Failure When Overwriting A Parquet File Might Result in Data Loss
Published:
There are several critical issues that present when using Spark. One of them relates to data loss when a failure occurs.
Recently I came across such an issue when overwriting a parquet file. Let me simulate the process in a simplified way. I used Spark in local mode.
Suppose we have a simple dataframe df.
df_elements = [
(‘row_a’, ‘row_b’, ‘row_c’),
] * 100000
df = spark.createDataFrame(df_elements, [‘a’, ‘b’, ‘c’])
Now let’s store the dataframe to a parquet file.
df.write.mode(‘overwrite’).parquet(‘path_to_the_parquet_files’)
You should see that there are several partition files created when the saving process finishes.

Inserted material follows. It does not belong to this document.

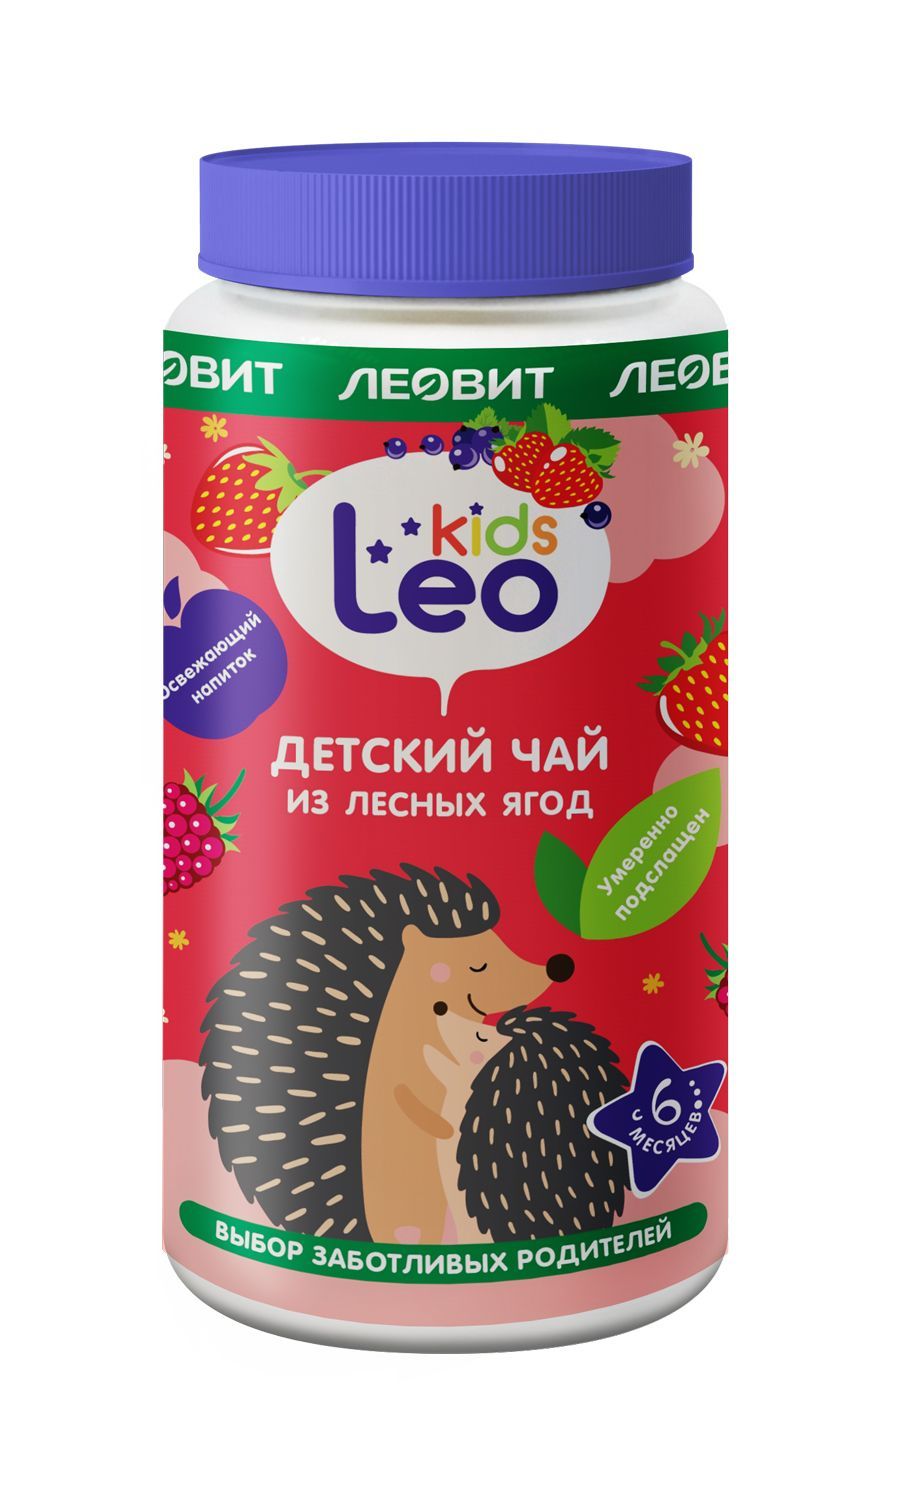 фото упаковки Леовит Leo Kids Детский чай из лесных ягод

Let’s make the overwriting process fails in the middle.
df.write.mode(‘overwrite’).parquet(‘path_to_the_parquet_files’)
When the above code is running, just press Ctrl + C to stop it.
Go back to path_to_the_parquet_files and you should find that all the previous files (before the second parquet write) has been removed.
I browsed the internet to investigate more about this issue, and found a YouTube video titled Delta Lake for Apache Spark - Why do we need Delta Lake for Spark?. Please watch it in case you want to know more.